Le mot abnégation pour Rafaël Nadal n’est sans doute pas parfait pour illustrer le parcours de Roland Garros.

Le mot abnégation signifie en effet « sacrifice, renoncement, désintéressement » et plus particulièrement « sacrifice volontaire, oubli de son propre intérêt ». L’abnégation consiste donc à agir en mettant de côté son intérêt personnel ou ce qui est important pour soi, pour se mettre au service des autres ou d’un intérêt supérieur.

Malgré cela, je l’utilise car, même si Rafaël Nadal joue évidemment en partie pour son propre intérêt, il faut bien reconnaître que ce qu’il fait depuis 20 ans sert l’intérêt supérieur du tennis.

Et, en ces temps où ceux qui prétendent régir les intérêts de ce magnifique sport font boulettes sur boulettes, on ne peut – et eux aussi – que se réjouir de voir leurs idioties en partie occultées par la carrière de Rafaël Nadal qui, faisant fi des polémiques et autres discussions stériles, poursuit son seul objectif de vie sportive: marquer l’histoire encore un peu plus.

Son quatorzième titre est tellement improbable que même Justine Henin, pourtant la meilleure commentatrice que l’on puisse avoir sur les chaînes francophones, est restée sans voix, sans mot.

Diantre, que dire devant un sportif toujours aussi fairplay et toujours prêt à se sublimer quand il évolue sur sa terre parisienne. Se sublimer au risque de mettre sa santé en jeu pour les années où il ne sera plus tennisman.

Mais il s’en moque, de cela, Rafa. Du moins pour le moment.

Il s’en moque et il se tait, préférant travailler, encore et encore.

« Si on veut rester au niveau dans ce sport, il ne faut jamais se contenter de ce que l’on est. Il faut travailler pour progresser. Progresser pour rester compétitif.« 

Pendant que certains de ses collègues se plaignent de tout et, plus souvent encore, de rien, quand certaines de ses collègues se plaignent parfois d’aise, lui, il souffre, il bosse, il donne tout à son sport et au sport en général.

Bref, donc, Nadal est inclassable, il n’y a plus de superlatif suffisant pour commenter ses exploits répétitifs.

5, 6, 7 Roland Garros. On était déjà ébahi.

Mais à 14, on ne parvient pas à s’imaginer de ce dont il s’agit car c’est tout bonnement irréel, impossible, même.

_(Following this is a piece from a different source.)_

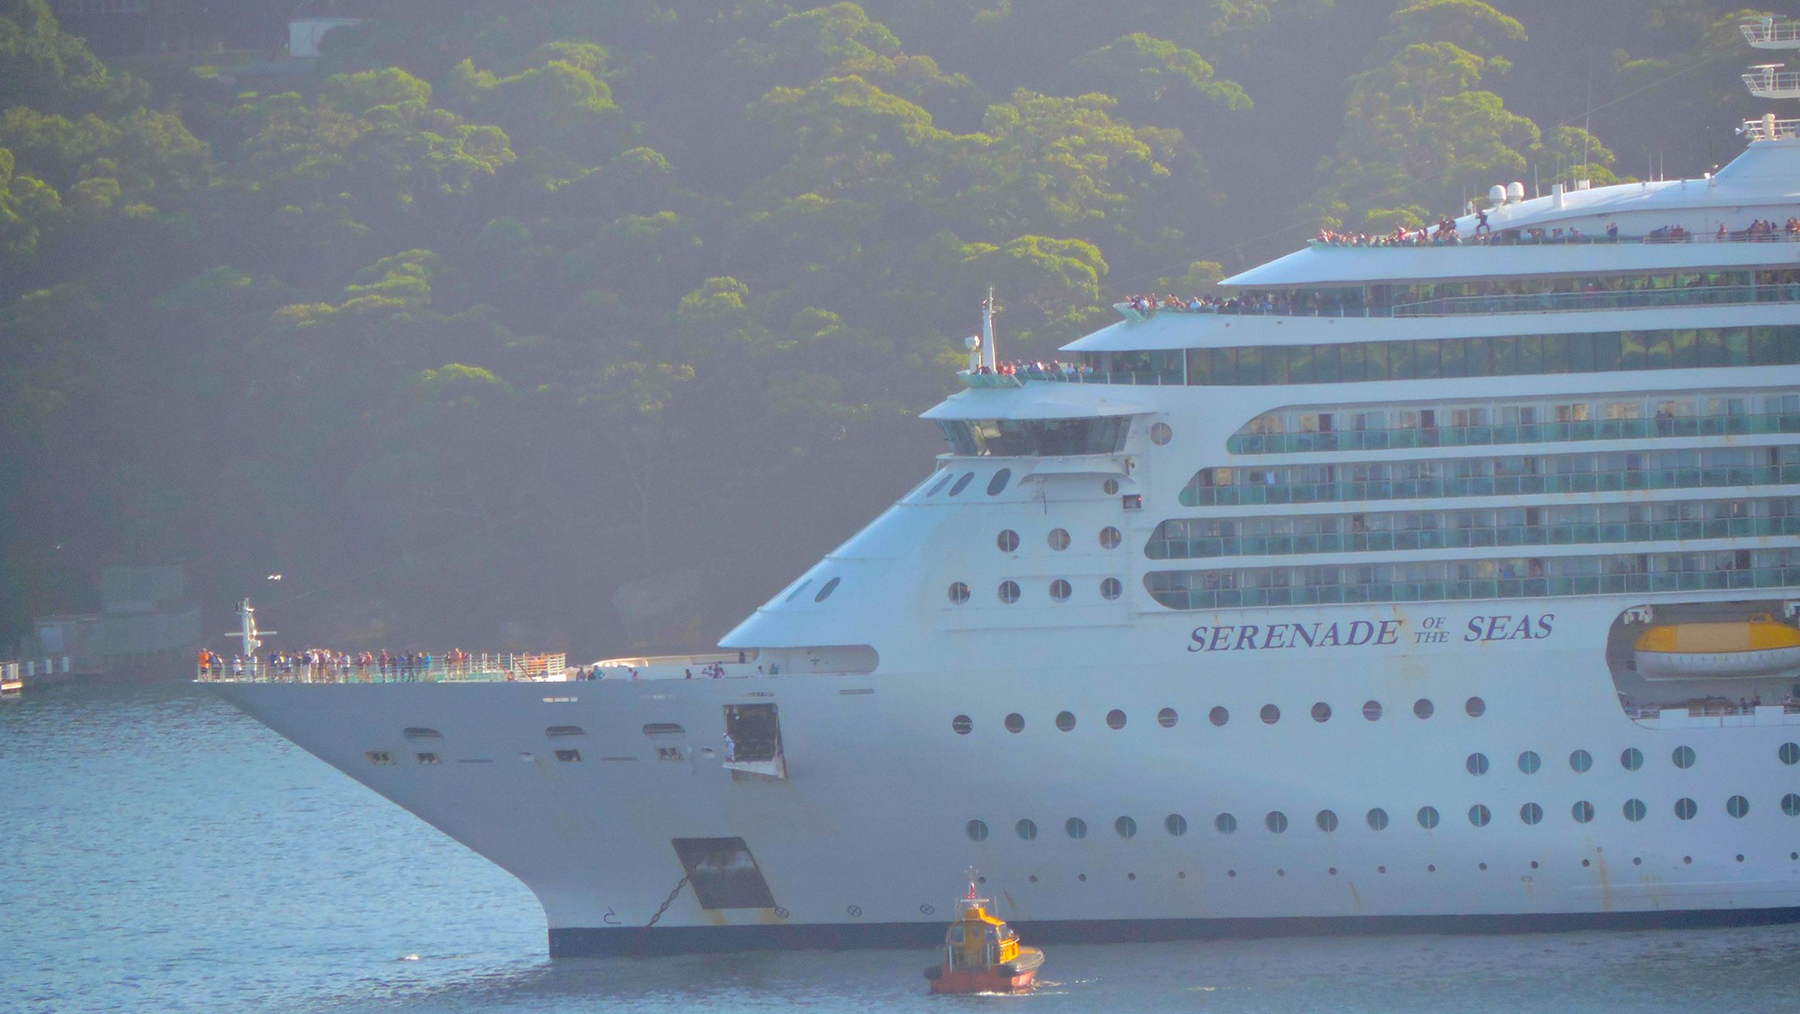 Serenade of the Seas in Sydney Harbour today on her Ultimate World Cruise

Pete Sampras, qui détenait le record de titres avant l’arrivée du Big Trois, a remporté 14 tournois du Grand Chelem, ce qui était déjà incroyable.

Rafa, lui, a remporté le même nombre de tournois à Roland Garros!

Il a donc gagné 10 Roland Garros en plus que … Justine Henin.

Il a gagné à Paris 8 fois de plus que Bjorn Borg, l’homme qui a fait (avec Philippe Chatrier) la légende du French.

Est-ce à dire, diront certains, qu’il est le plus grand joueur de tous les temps?

Vous connaissez ma position sur le sujet. Il n’y a pas de GOAT car les périodes ne sont pas comparables.

Il n’y a pas de GOAT car les chiffres ne sont pas tout. Si on se basait sur les titres en majeur, on serait obligé de dire que la GOAT féminine est Margaret Smith Court qui a remporté 24 Grand Chelem. Mais personne n’oserait dire, avec tout le respect que l’on doit à l’Australienne, qu’elle est meilleure que Serena Williams, que Steffi Graf ou que Martina Navratilova.

Ne comptez donc pas sur moi pour écrire aujourd’hui que RafaÊl Nadal est plus grand que Roger Federer, que Novak Djokovic, que Rod Laver, que Bjorn Borg, que Pete Sampras, que JOhn McEnroe, etc.

Non mais il est grand, énorme. Et, sur terre, il possède un palmarès qui semble hors de portée de ses contemporains mais aussi de ceux qui vont venir dans les années et décennies à venir.

Sauf si…

Sauf si un autre sportif trouve en lui les mêmes capacités physiques – et surtout mentales – de, jour après jour, remettre l’ouvrage sur le métier.

Sauf si, comme lui, un futur champion parvient à ne pas perdre d’énergie sur les futilités mais se concentre exclusivement sur l’essentiel: le travail.

Rafaël Nadal restera dans l’histoire du sport comme étant une légende époustouflante.

Un de mes chers collègues a twitté qu’il était le plus grand sportif de tous les temps.

Je ne suis évidemment pas d’accord avec cela car il est impossible de comparer Rafaël Nadal à Carl Lewis, Mohammed Ali, Eddy Merckx, Michael Phelps, Serguei Bubka pour ne citer que ces monstres-là.

Mais il est humainement un être exceptionnel qui prend tellement de place dans le livre magique du tennis que le reste semble sans intérêt.